* _Work required_
All of the data, word for word and free of pictures, is the expected result.

* _Data shown_

___

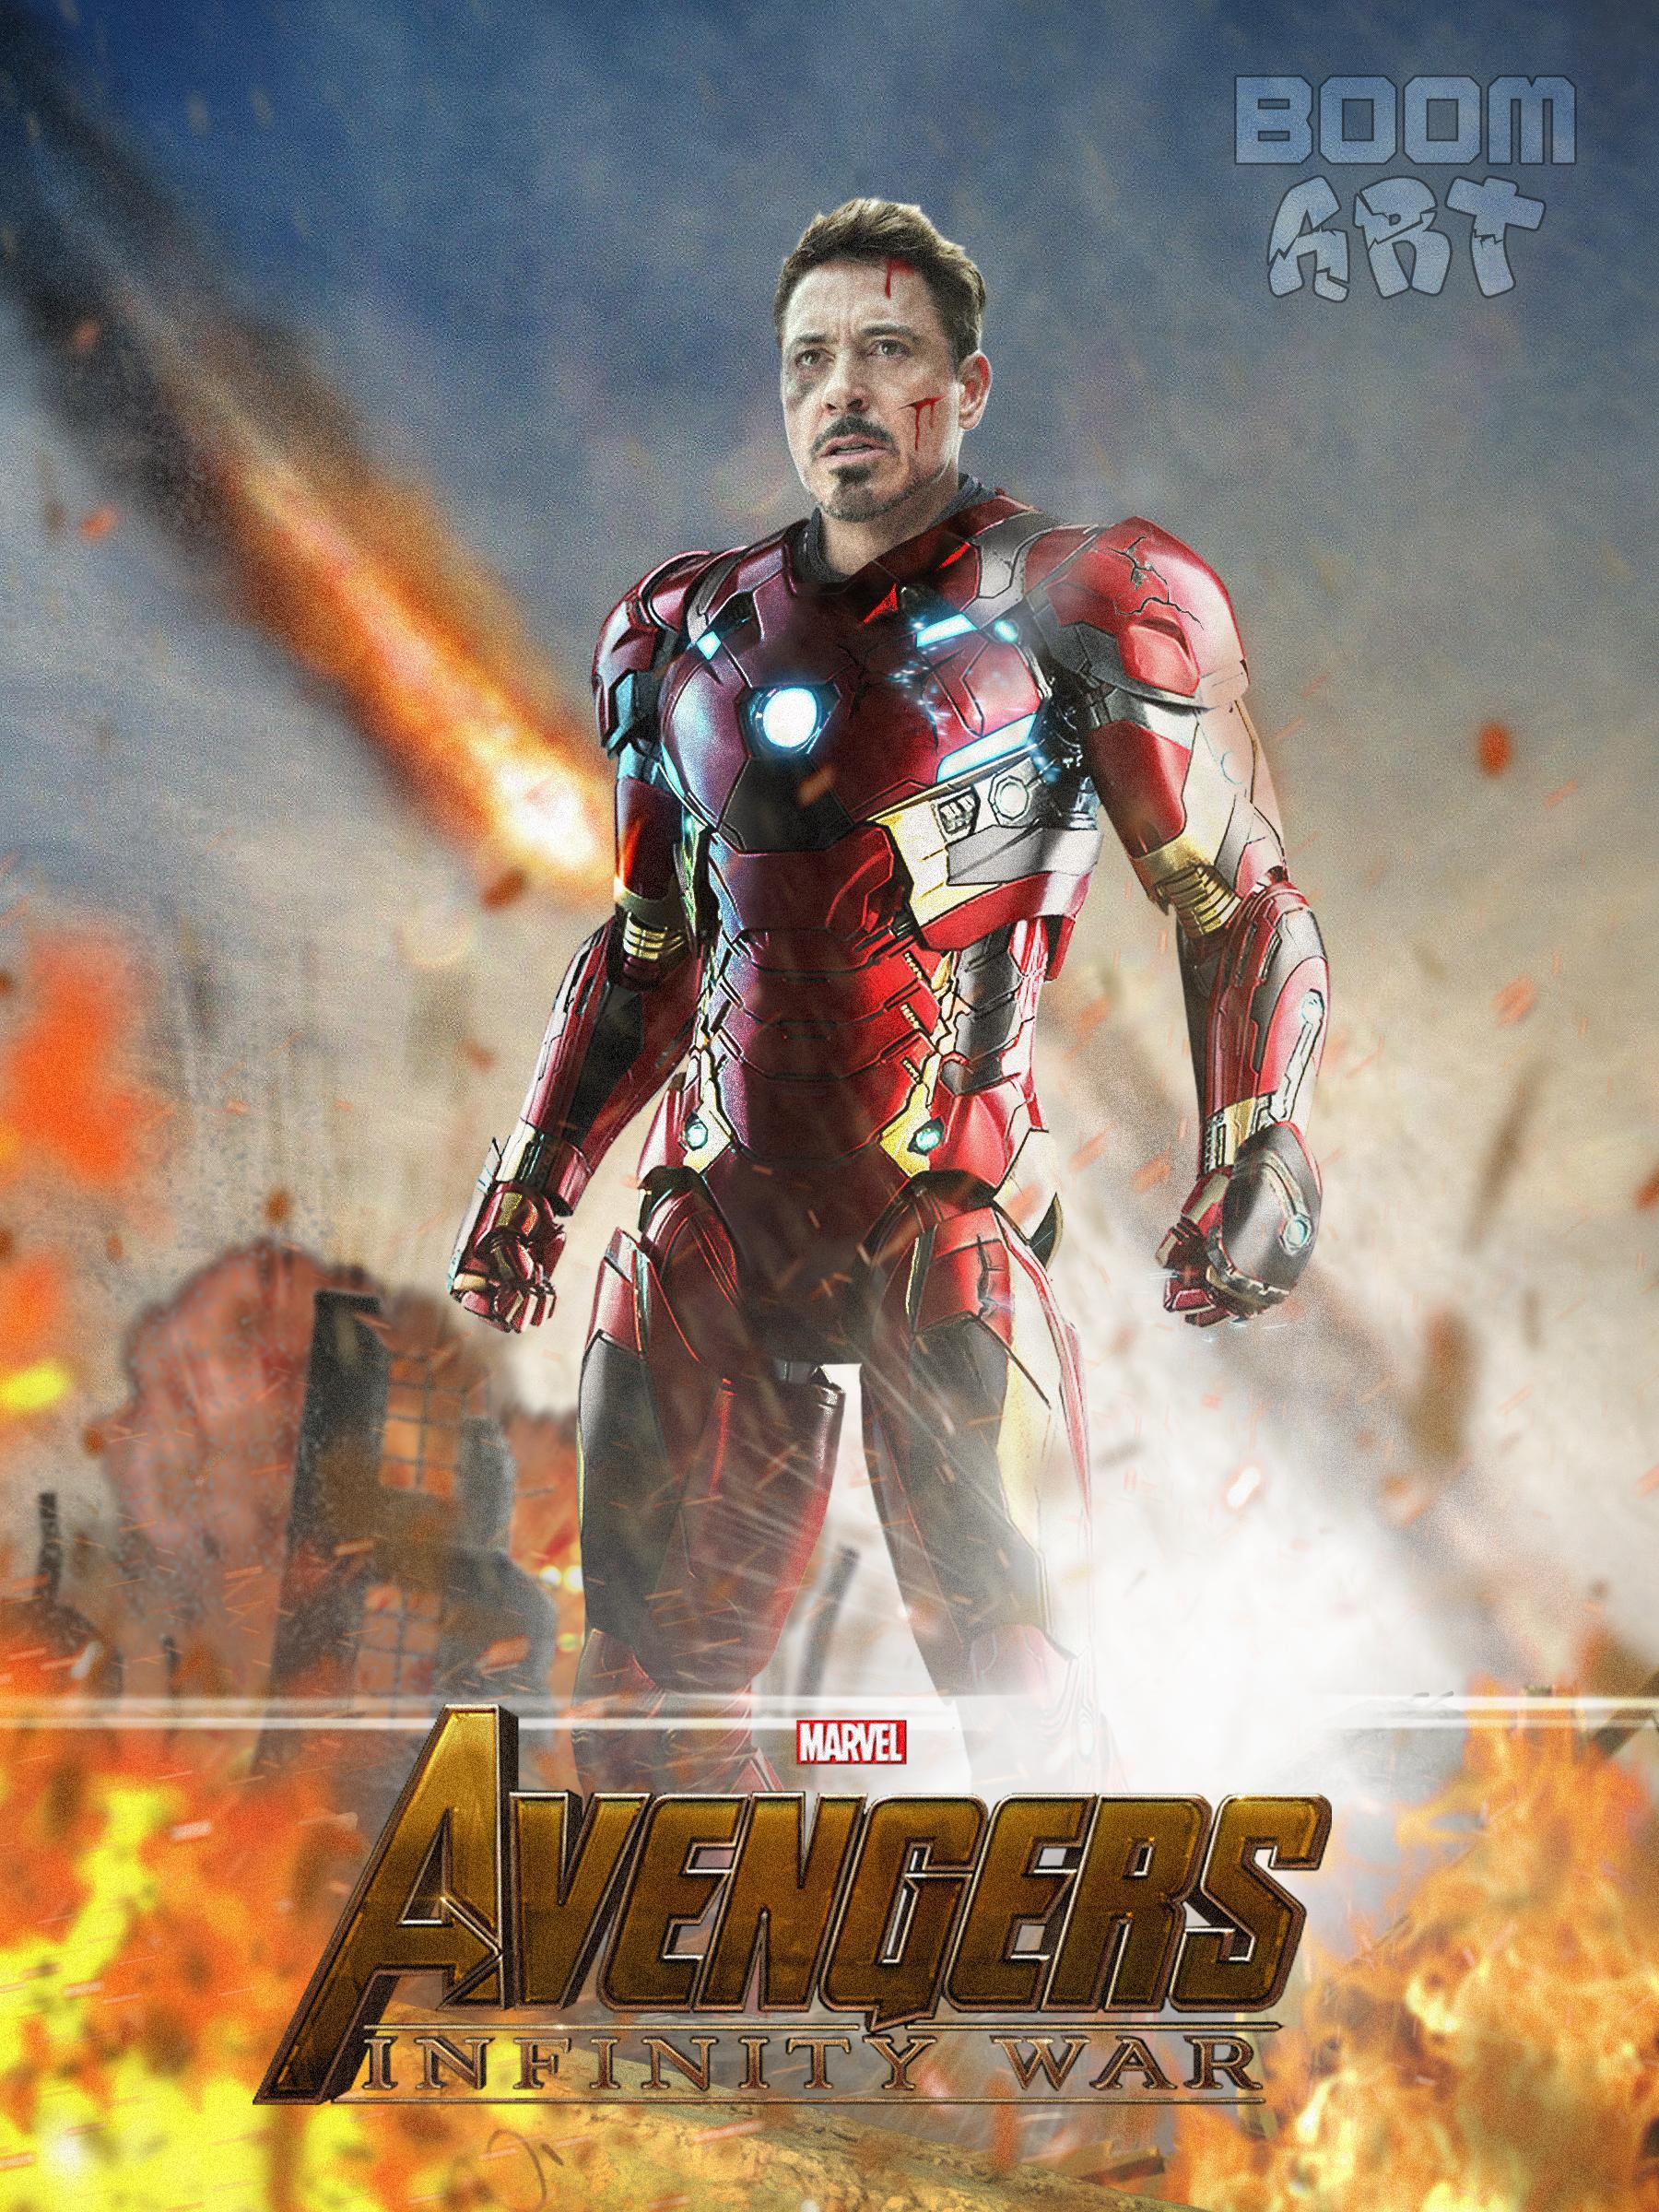 Iron Man INFINITY WAR Poster
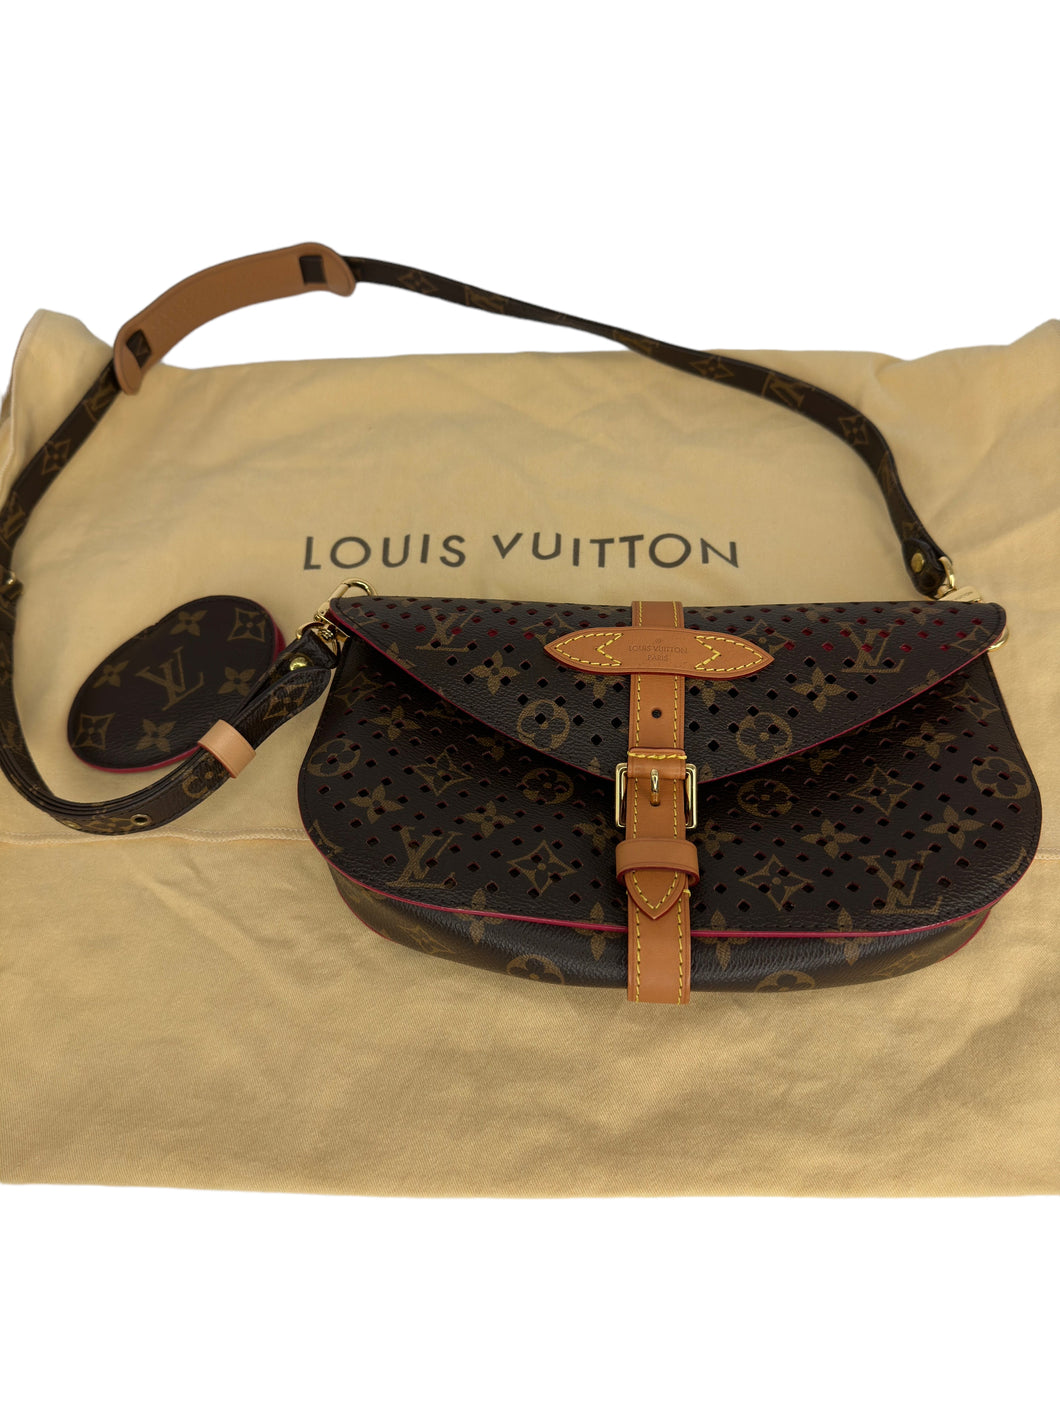 Tracolla Louis Vuitton Saumur limited edition Croiser 2012
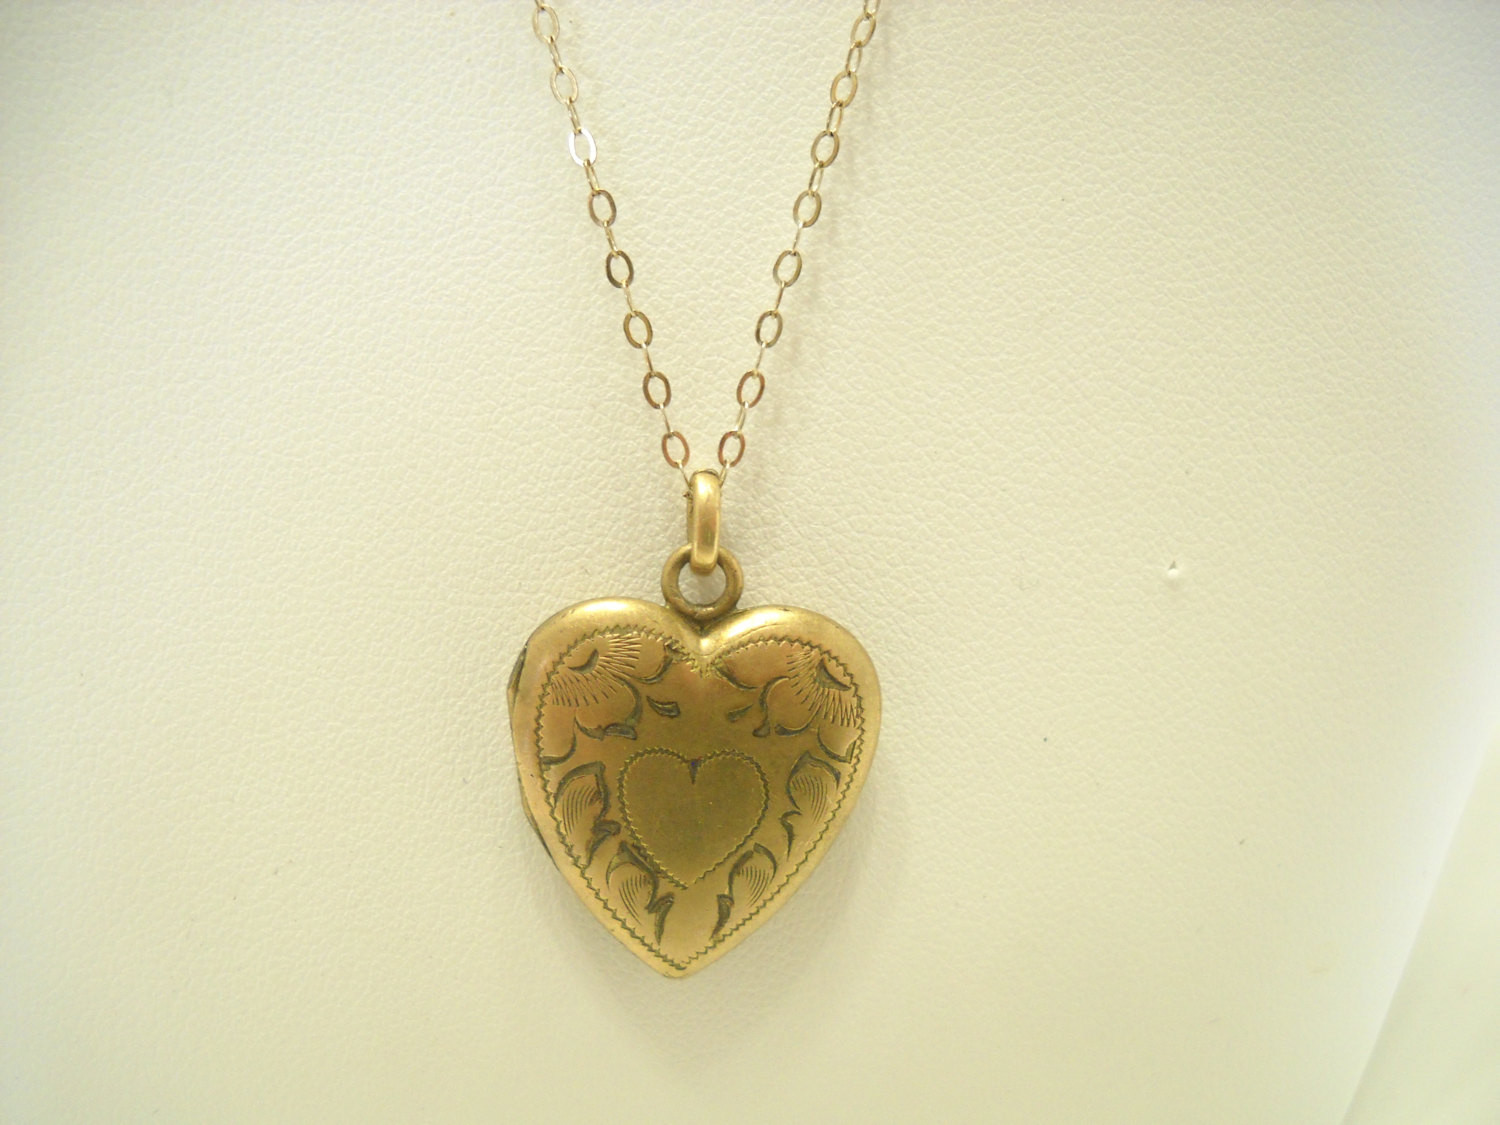 Heart Shaped Locket Necklace
 Vintage Gold Tone Heart Shaped Locket Pendant Necklace 8380

___

* _Answer section_
 Iron Man INFINITY WAR Poster
 Tracolla Louis Vuitton Saumur limited edition Croiser 2012
 Heart Shaped Locket Necklace
 Vintage Gold Tone Heart Shaped Locket Pendant Necklace 8380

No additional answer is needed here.